== DATA EXTRACT ==
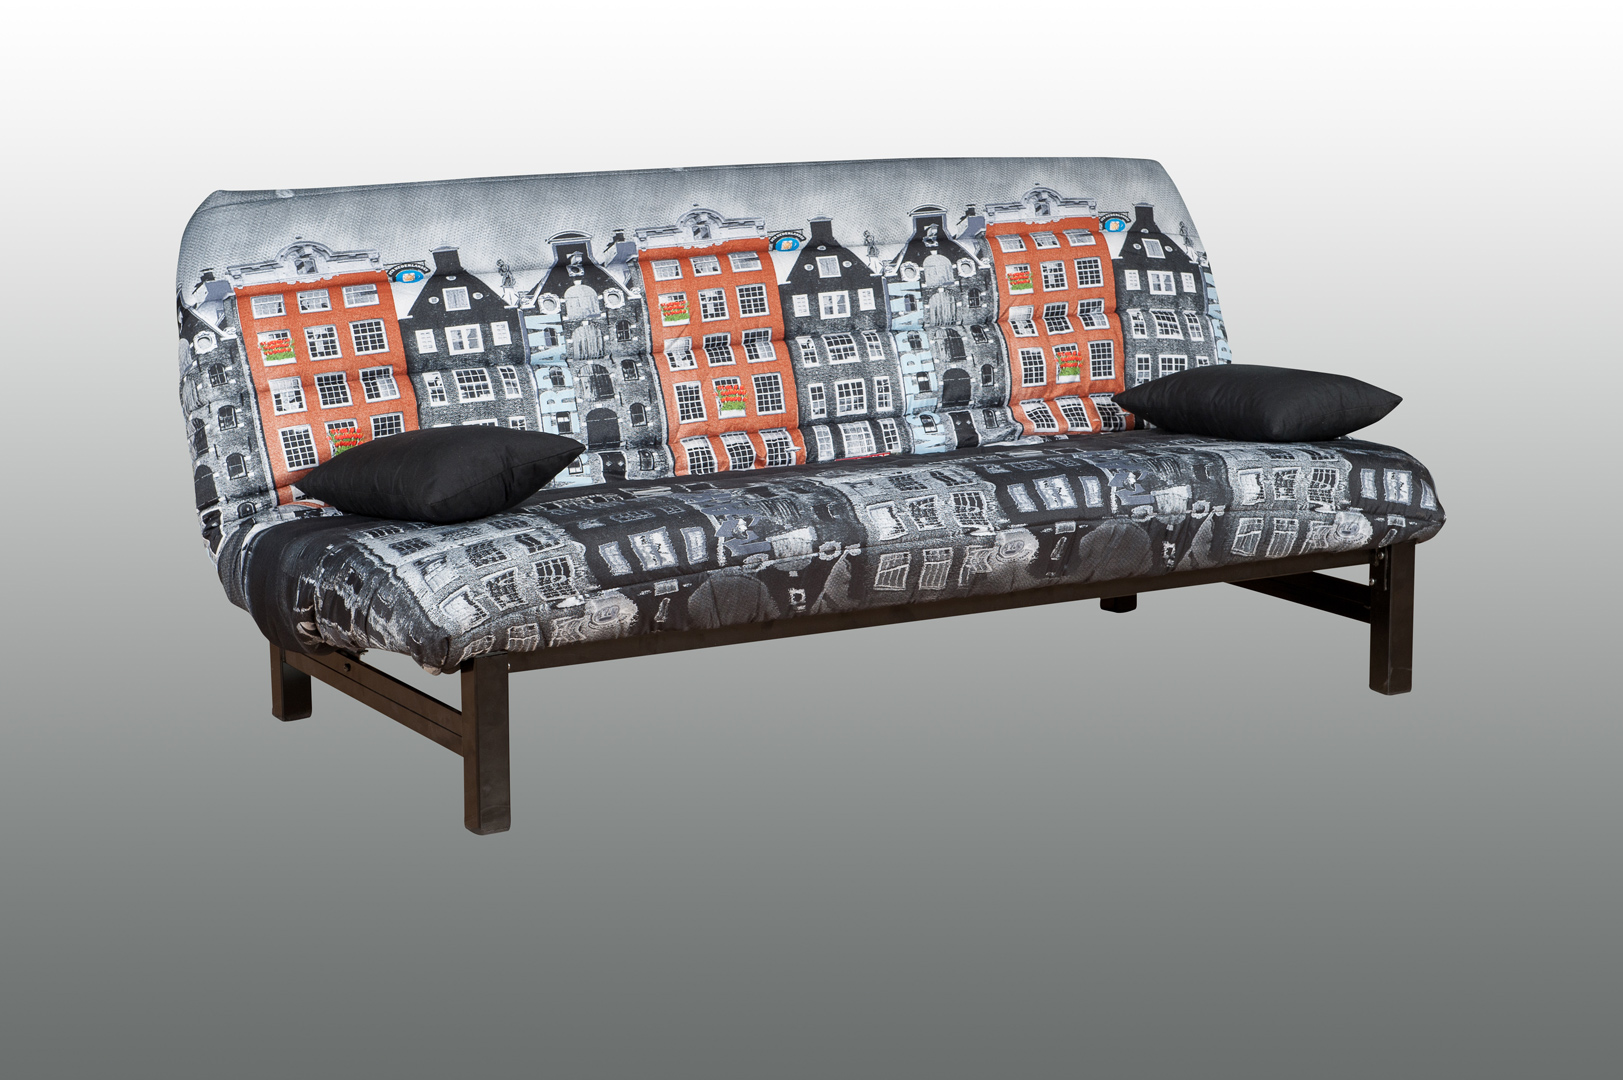 Clic-clac en tissu imprimé Amsterdam Courtney
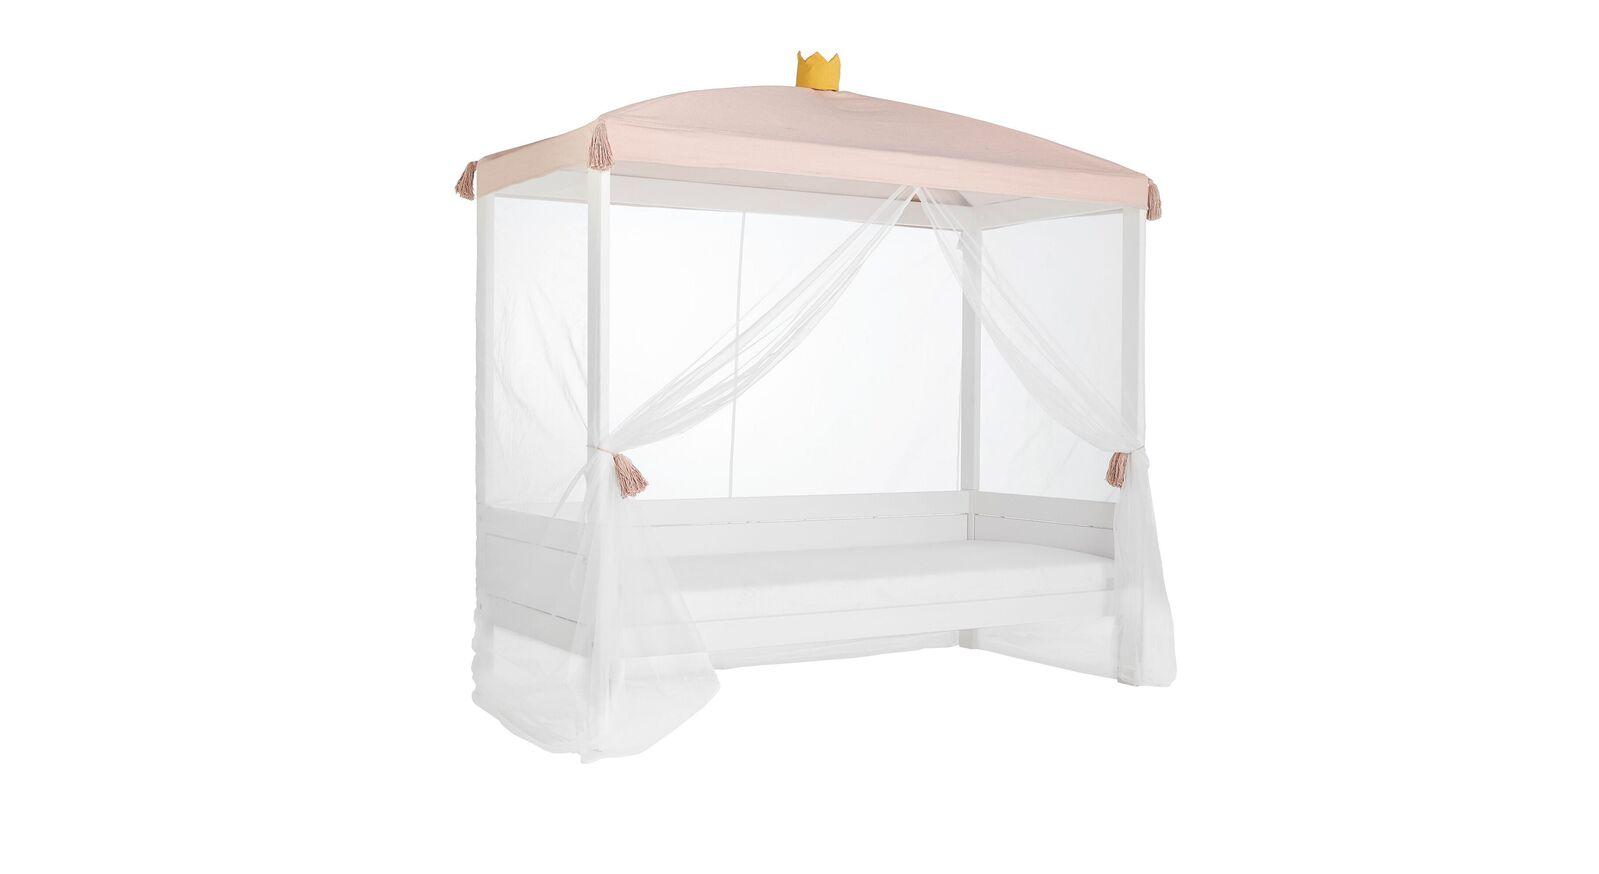 LIFETIME Kinder-Himmelbett Princess mit rosafarbenem Dach
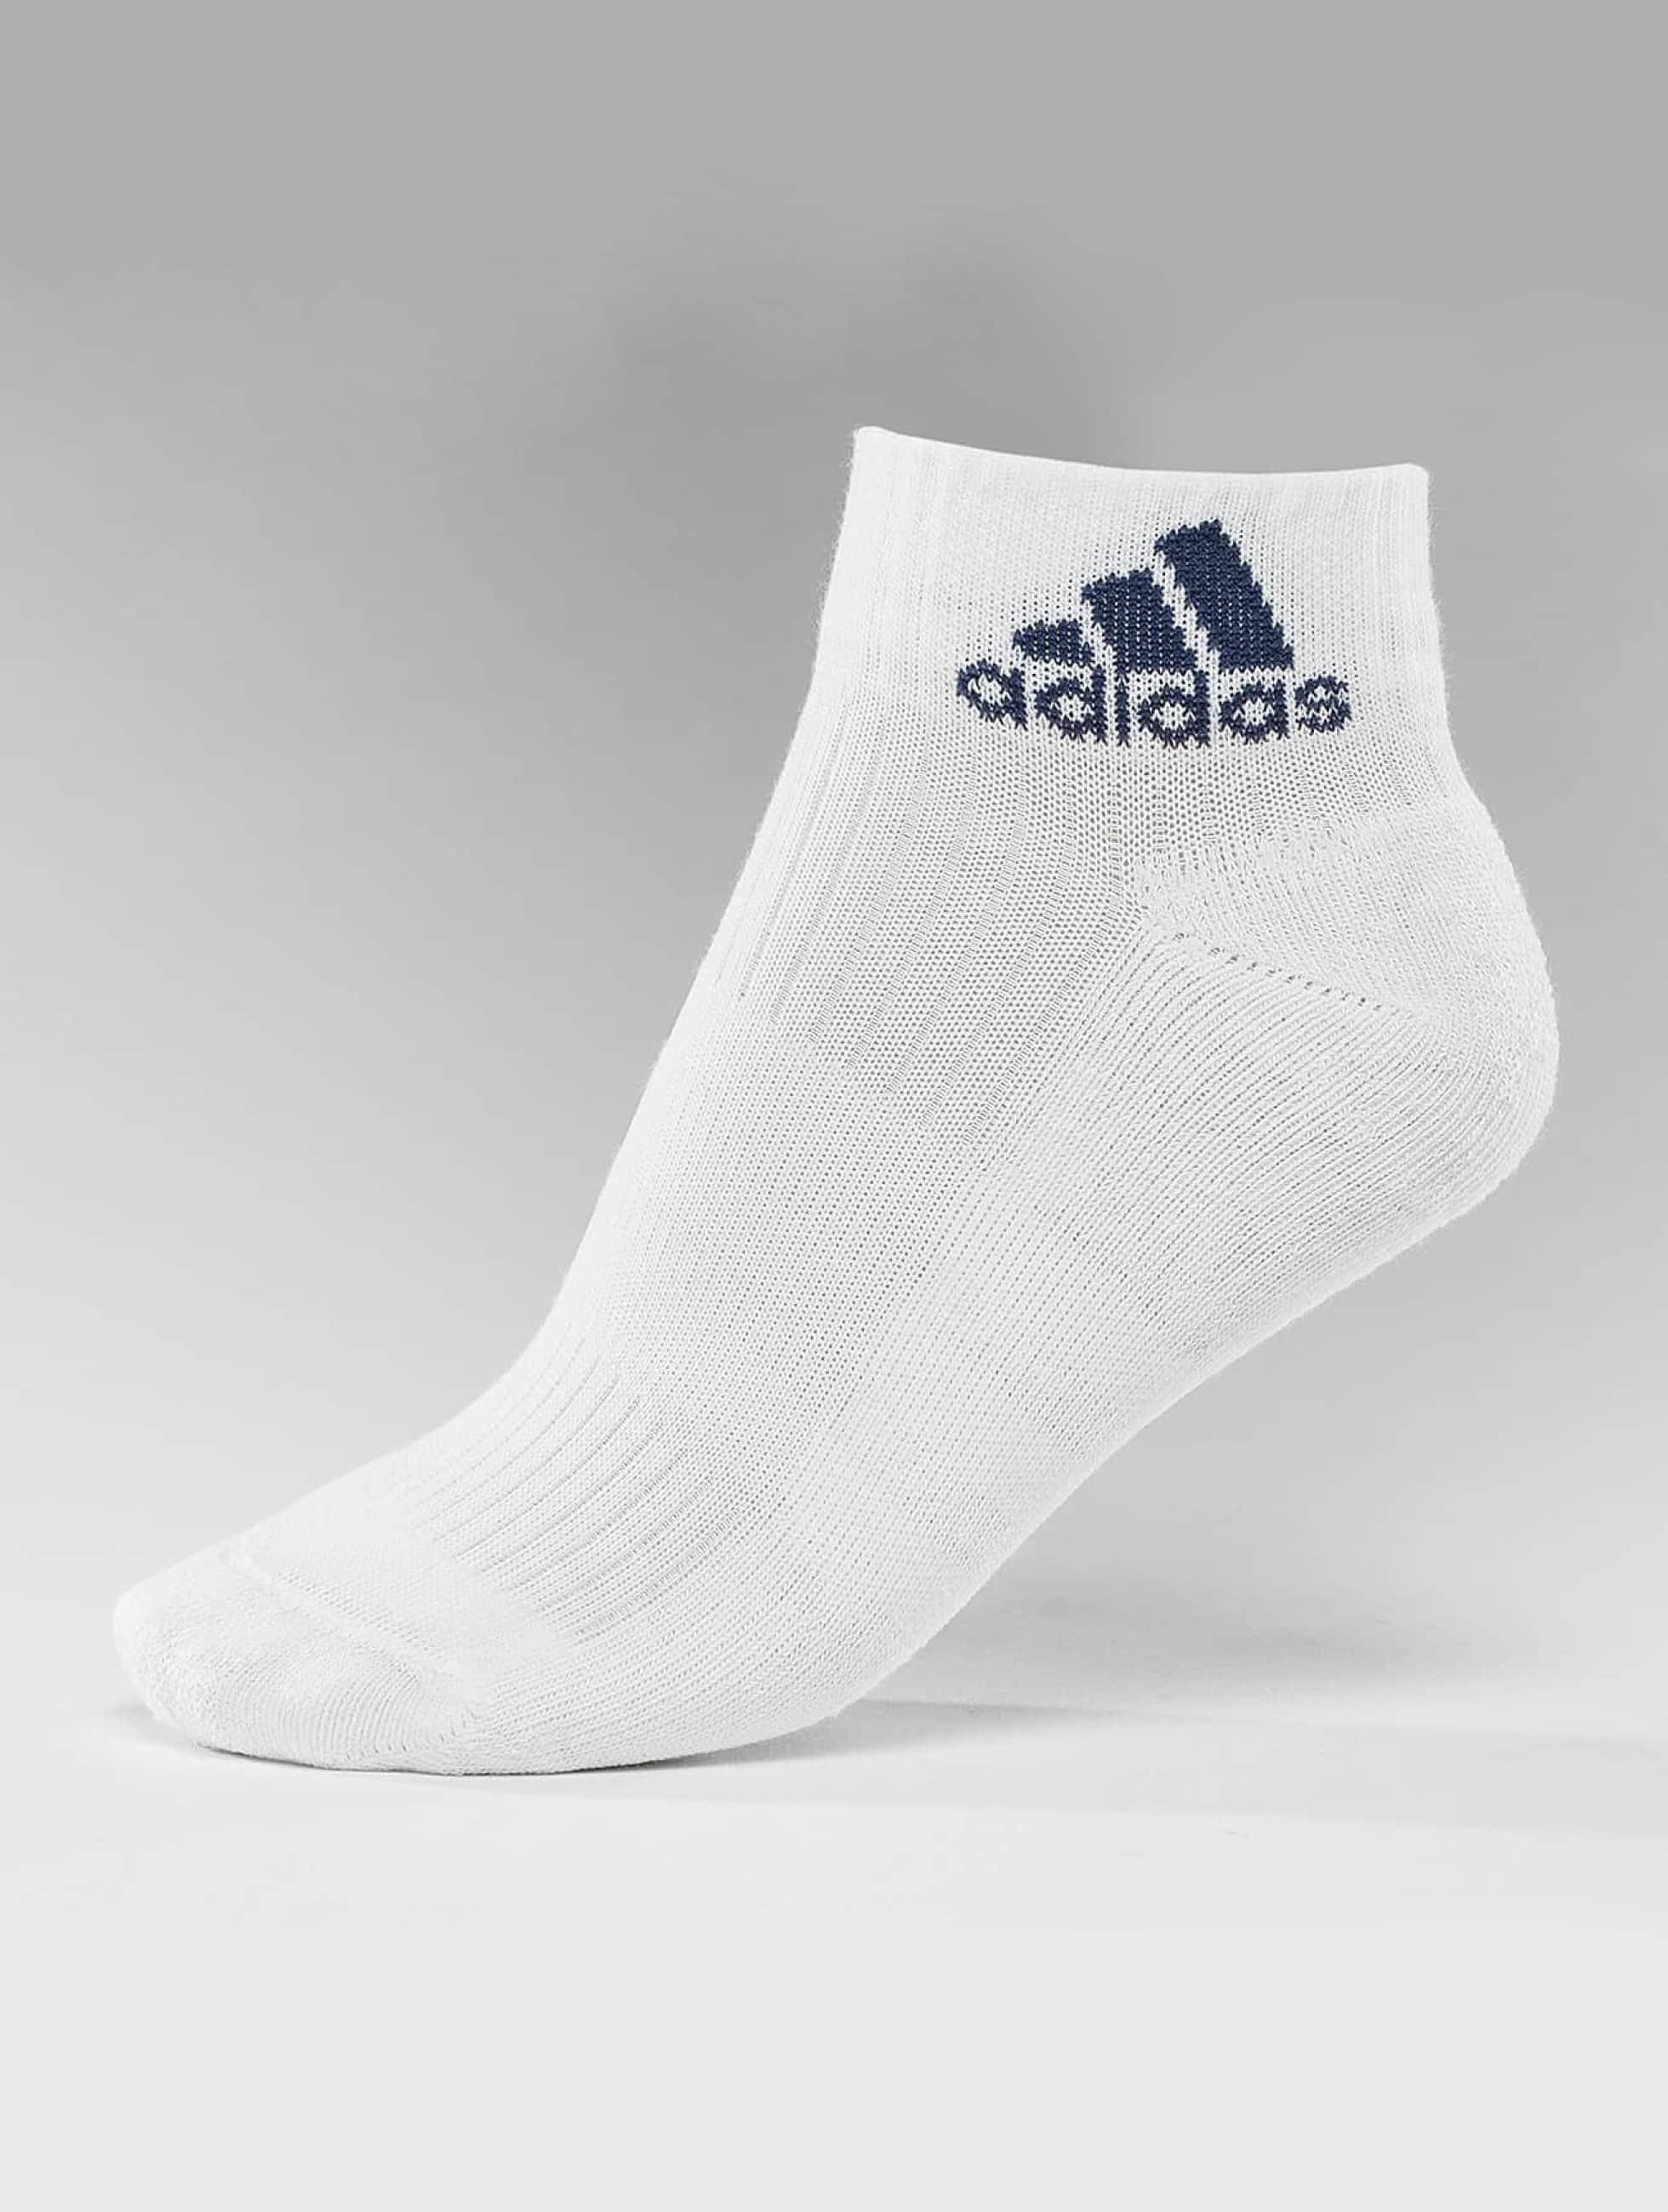 adidas originals Skarpetki 3-Stripes Per An HC 3-Pairs niebieski

== WORK ORDER ==
What you return should match the material word for word, apart from the pictures.

== EXERCISE SOLUTION ==
 Clic-clac en tissu imprimé Amsterdam Courtney
 LIFETIME Kinder-Himmelbett Princess mit rosafarbenem Dach
 adidas originals Skarpetki 3-Stripes Per An HC 3-Pairs niebieski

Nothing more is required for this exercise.